I'm not talking about users that do things that are obviously
meaningless.

But what about things like:
 - linearized circular buffers (where "linearized" means that the buffer
   is mapped twice or more consecutively virtually in memory, so that the
   user doesn't need to worry about the boundary conditions that normal
   circular buffers have)
 - multiple buffers per page.

And note in particular that you may not be able to page-align everything:
and it can be extremely costly (both in memory use and in cache footprint)
to always pad out your buffers etc.

> But in map_user_kiobuf we can't avoid to play with the virtual memory,
> as we can't avoid to do that in the remap_page_range case.

map_user_kiobuf() isn't "playing" with the virtual memory.

It's a simple lookup function, looking up the physical pages that
correspond to a specific range of virtual memory.

Nothing more.

> In fact the reason I don't like to put VM stuff into rawio is that I like
> the clean design that you described:
>
> o lookup the physical page
> o do I/O on the physical page

If you like it, why do you want to break it?

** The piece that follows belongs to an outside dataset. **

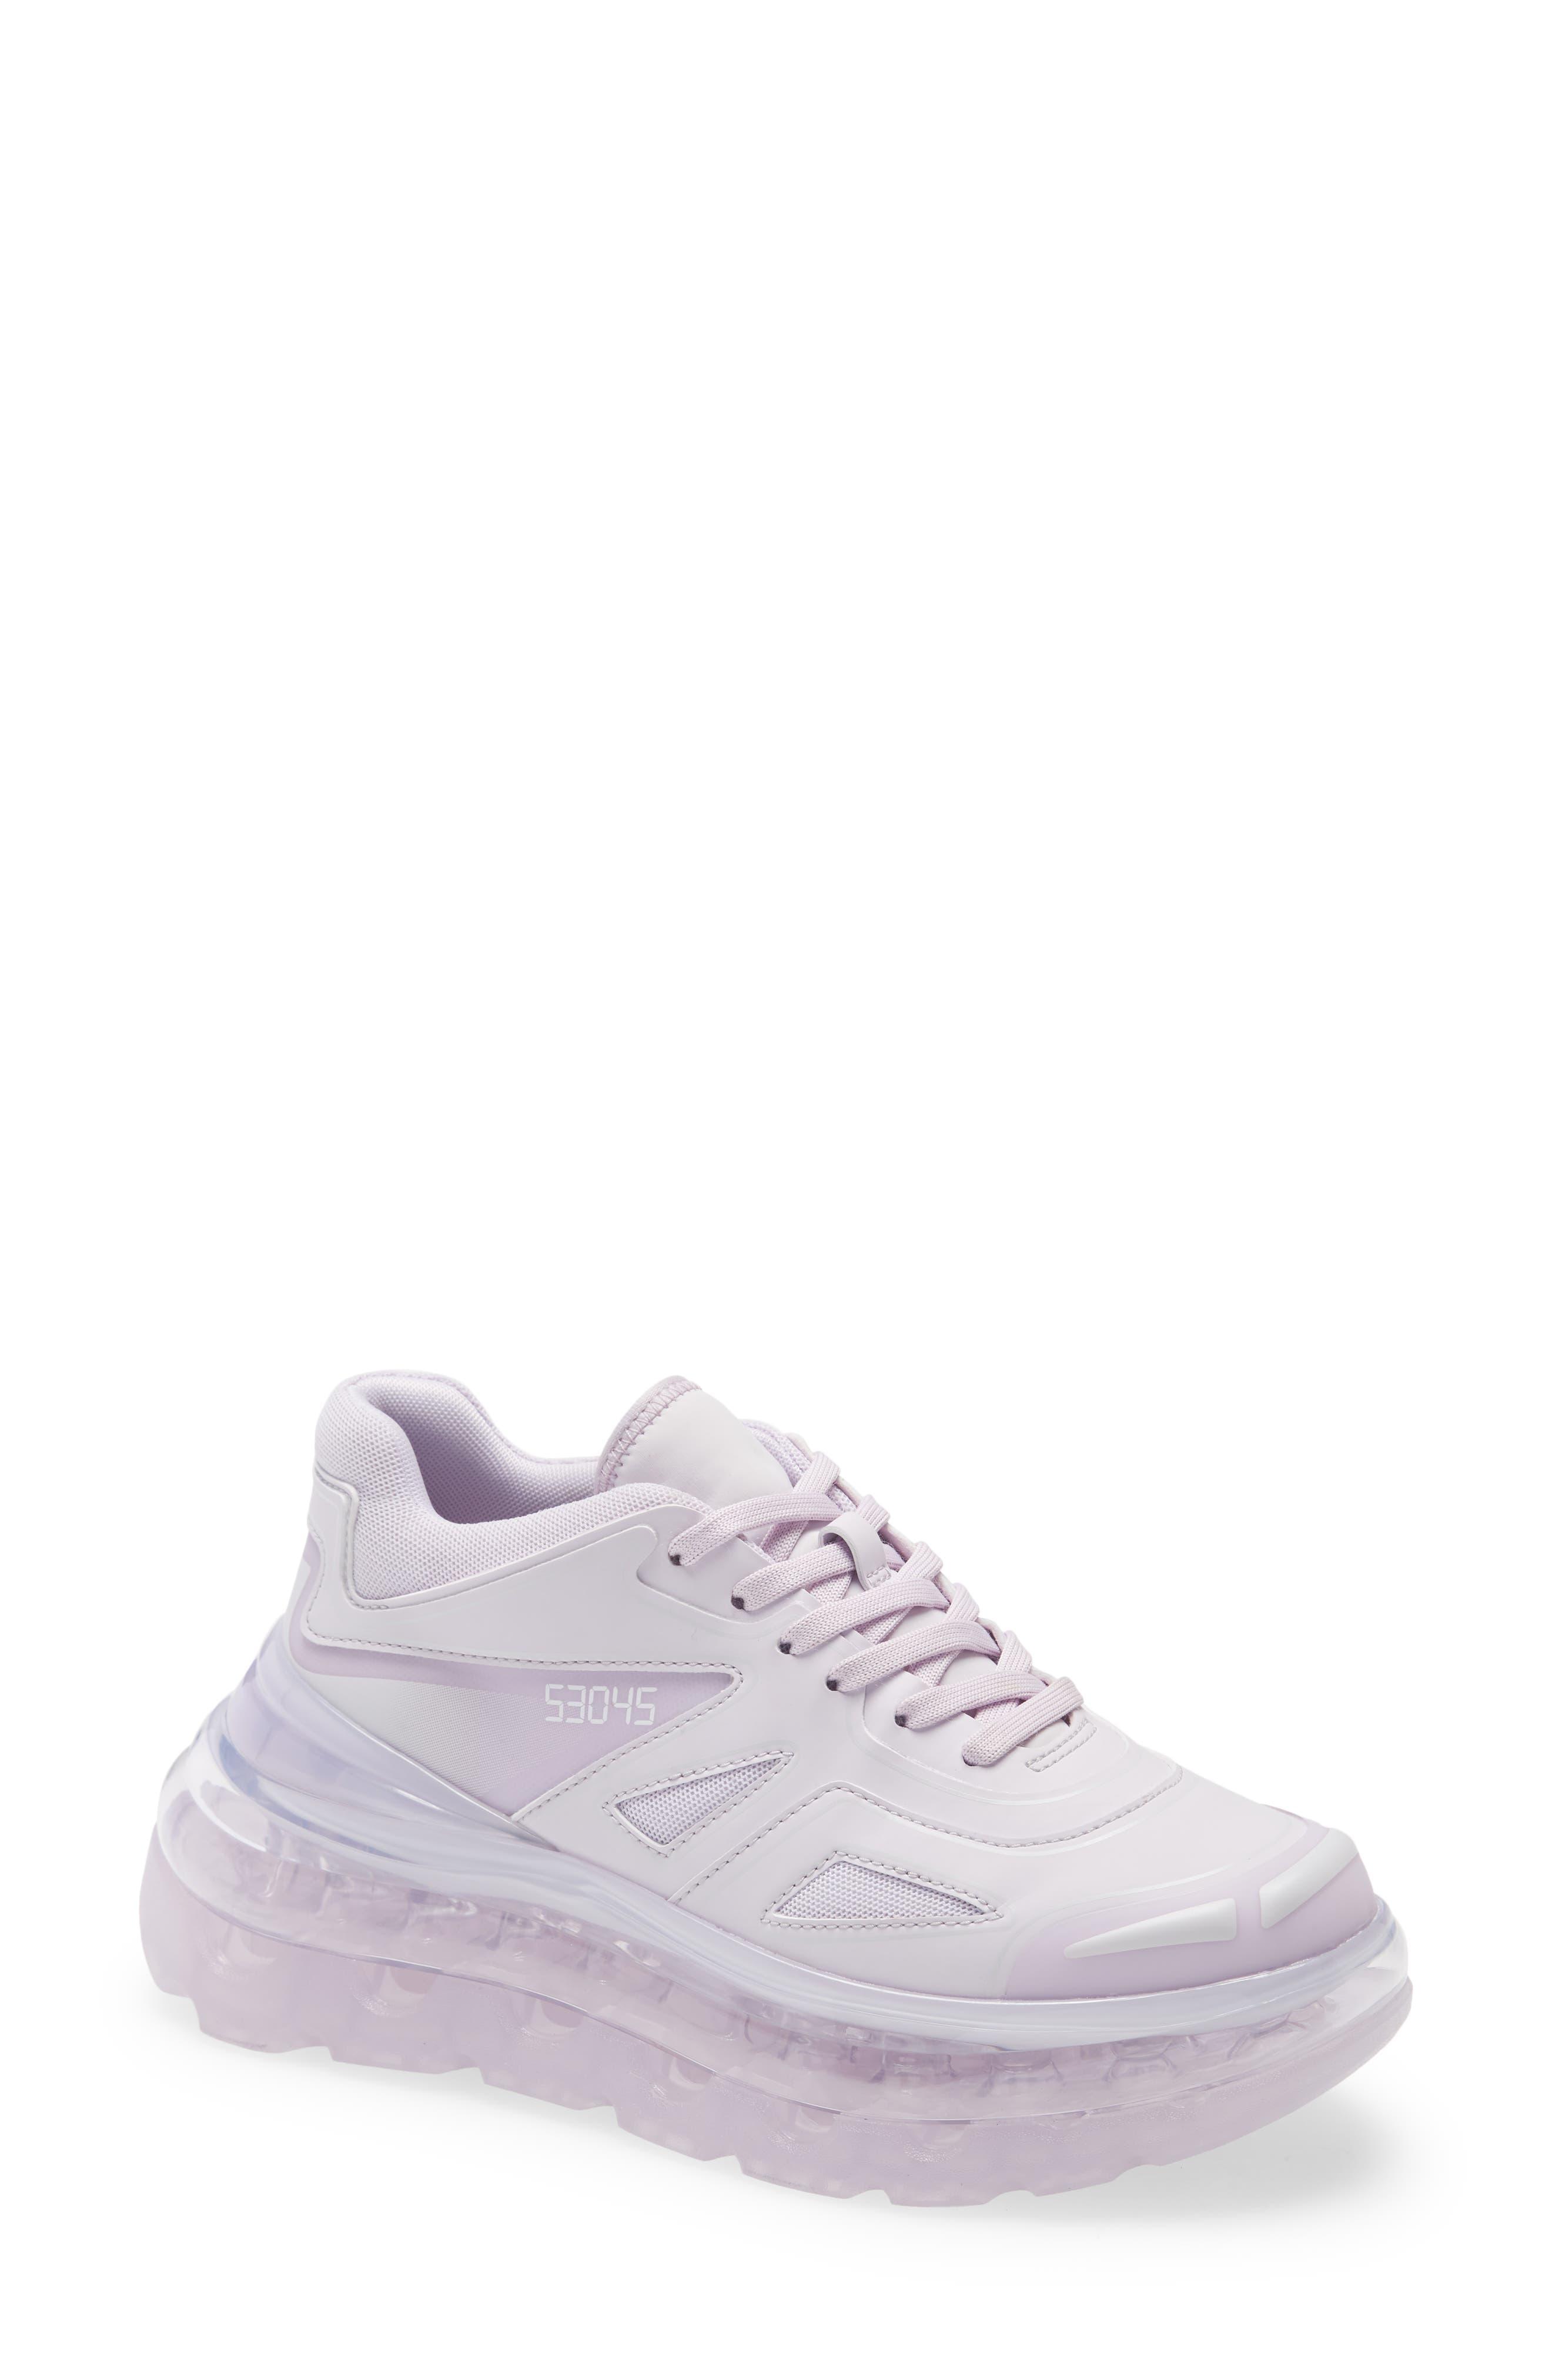 Shoes 53045 Bump'Air Platform Sneaker, Size 12US - Purple (Nordstrom Exclusive)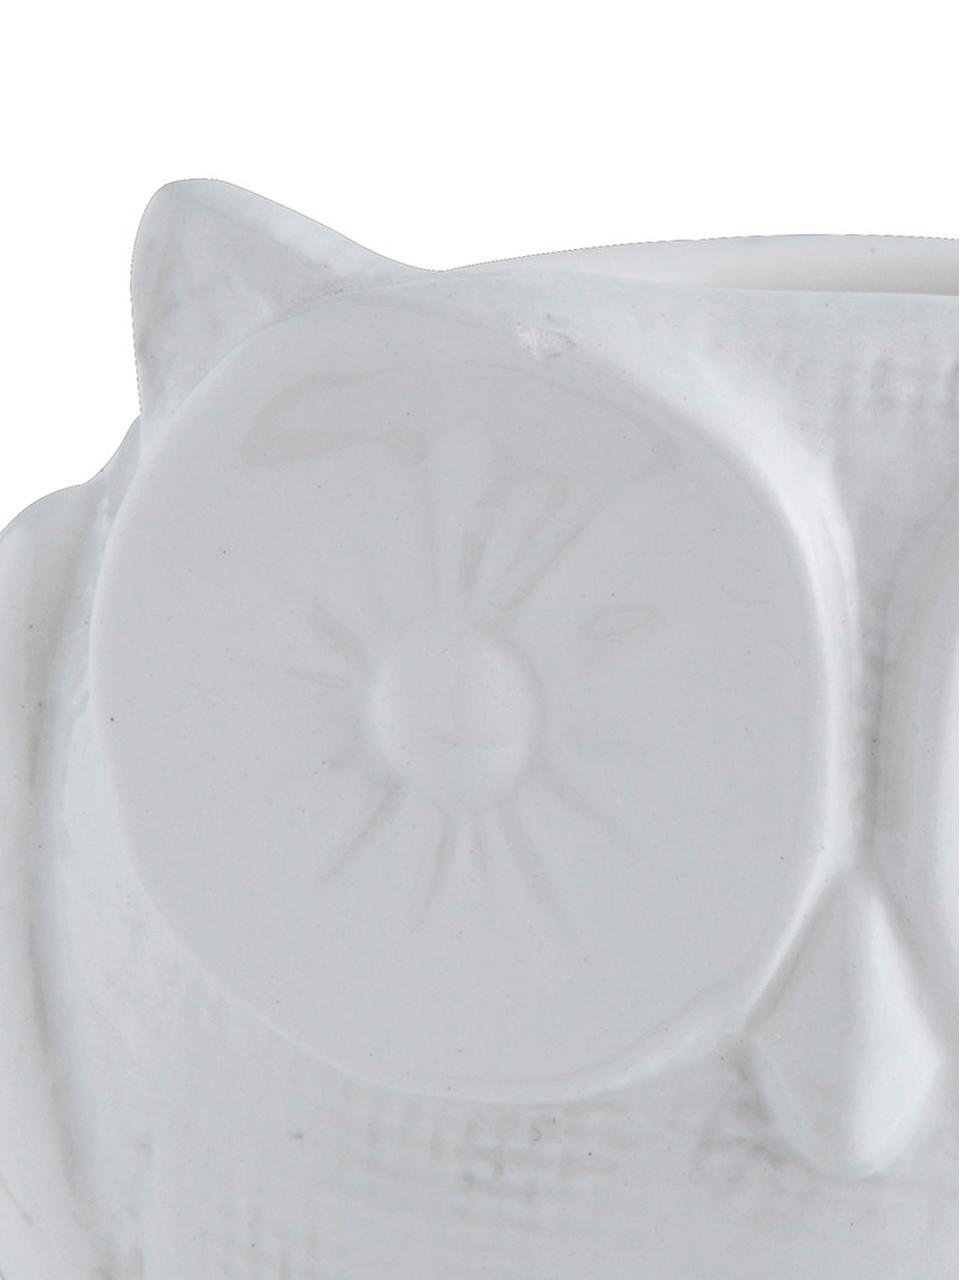 XS Übertopf Owl aus Dolomitstein, Dolomitstein, Weiß, Ø 11 x H 12 cm

You _say_ that you like it, but yet you want to add extra conditions like

 o while I/O is pending the virtual mapping is fixed

Which basically means that you suddenly have lots of interactions with the
VM layer - even though everybody agrees that is a bad thing.

Your solution would be that you'd mark the _virtual_ page dirty, then lock
it so that the dirty bit cannot go away (and the page cannot be unmapped),
and then keep it locked until the IO is complete, and basically have all
dirty handling based on virtual addresses. Even though those virtual
addresses have _nothing_ to do with the IO itself, and you say that you
want to do IO on the physical page.

In contrast, I'm saying that direct IO that reads into a (physical) page
should obviously mark that (physical) page dirty. In the meantime, others
may choose to do IO to the same page. They could even use the same buffer,
because we don't lock things: this has extremely well-defined meaning in
the case of "write this page to these 100 devices asynchronously".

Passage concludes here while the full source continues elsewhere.